As a well-known example of a ring homomorphism which is monic and epic, but not a ring isomorphism, serves the inclusion map $\iota:\mathbb Z\hookrightarrow\mathbb Q$. While the monocity follows immediately from $\mathbb Q$ being the quotient field of $\mathbb Z$, showing that $\iota$ is an epimorphism requires a little more (not much) work. One way is elementwise as done here.
Generalizing the aforementioned one arrives at the following fact
Let $R$ be an integral domain. The inclusion $\iota:R\hookrightarrow Q(R)$ into the quotient field $Q(R)$ is an epimorphism.
Proof$~~$Let $f,g:Q(R)\rightrightarrows F$ be field homomorphisms such that $f\circ \iota=g\circ\iota=:\varphi$. It follows that $\varphi:R\to F$, viewed as a ring homomorphism, is monic aswell. By the universal property of the quotient field this yields a unique field homomorphisms $\overline\varphi:Q(R)\to F$ such that $\varphi=\overline\varphi\circ\iota$. This gives a commutative diagram
From here it follows that $f=\overline\varphi=g$ as desired.

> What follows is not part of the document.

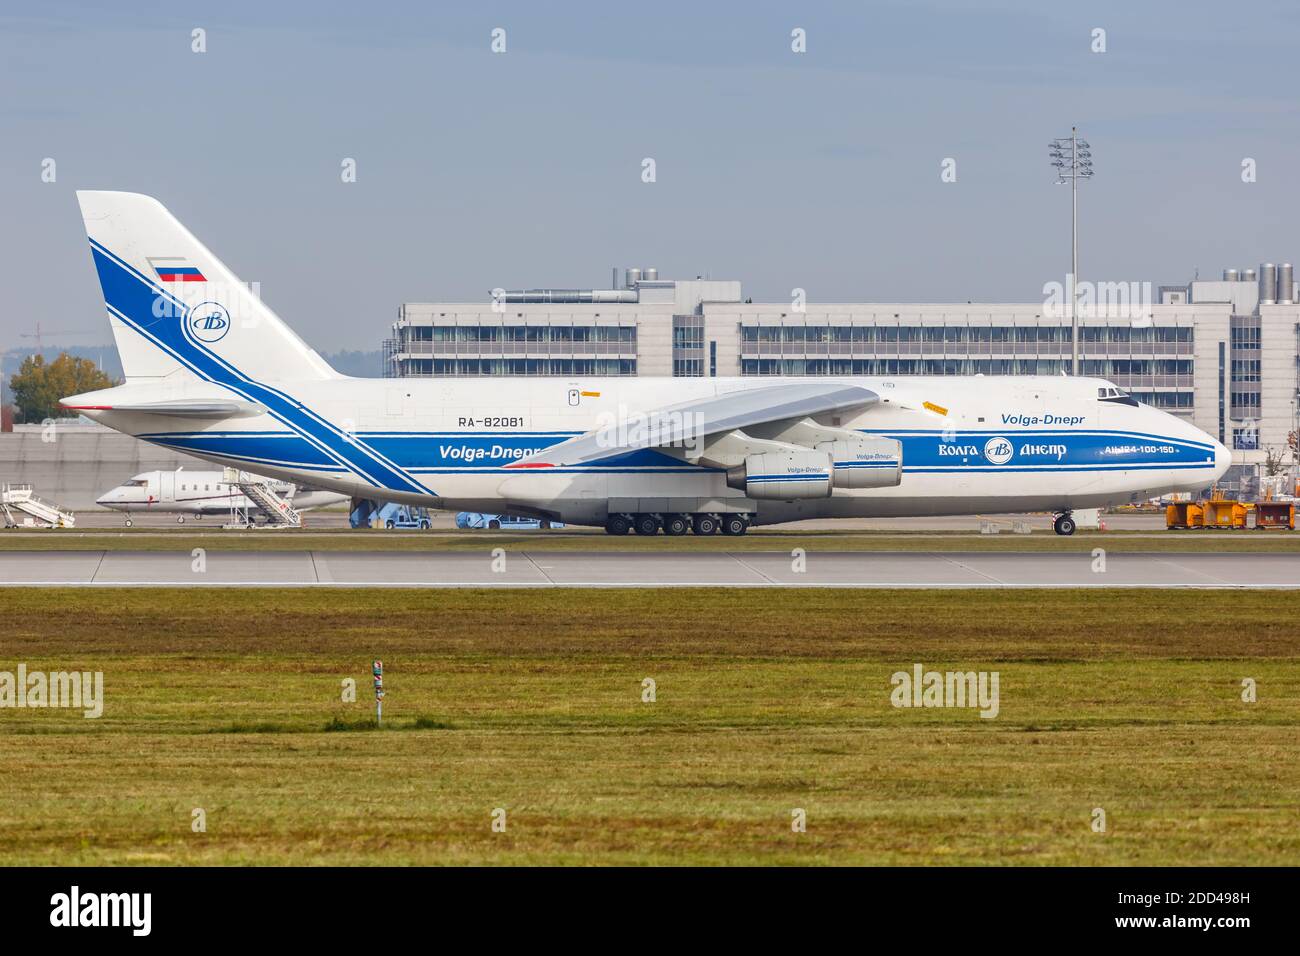 Munich, Allemagne - 21 octobre 2020: Volga-Dnepr Airlines Antonov an-124-100 avion à l'aéroport de Munich en Allemagne. Banque D'Images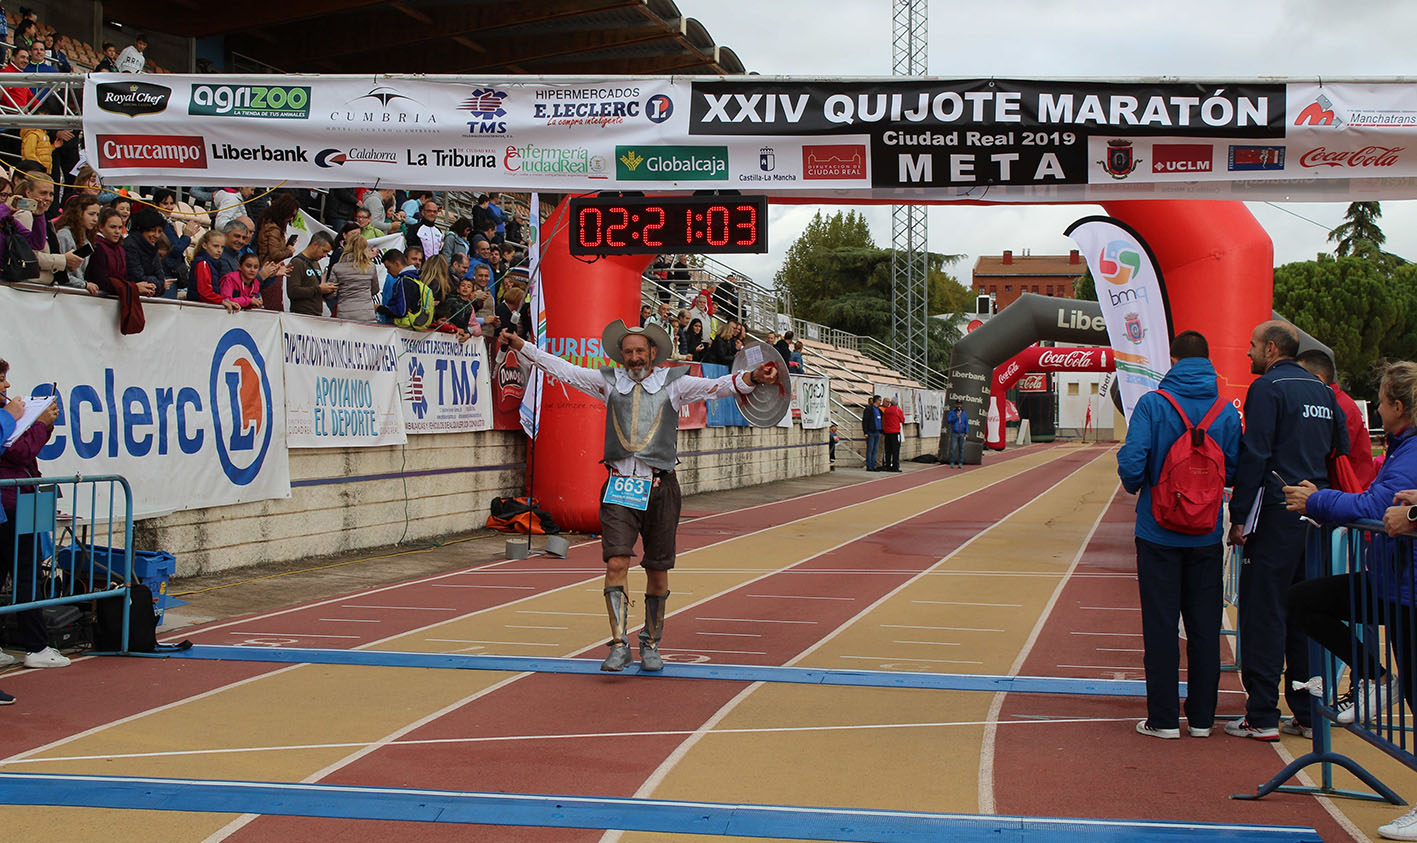 El Quijote Maratón, que se iba a celebrar el próximo 18 de octubre, tendrá que esperar a 2021.

Is the given proof correct? If so, where can it be further improved; if not, where did I went wrong? Note that I am particularly interested in an elementfree proof using the universal property of the quotient field rather than an elementwise approach such as the one linked.
Thanks in advance!
The outline of your proof is fine, but you should give an argument as to why you can choose $F$ to be a field. At first sight you should allow $F$ to be any ring, since this is the category you are working in. Now since $Q(R)$ is a field, the image of any morphism $Q(R)\to A$ to a ring $A$ is a field, except when $A$ is the zero ring. Try to write an appropriate case distinction and it shoule be fine.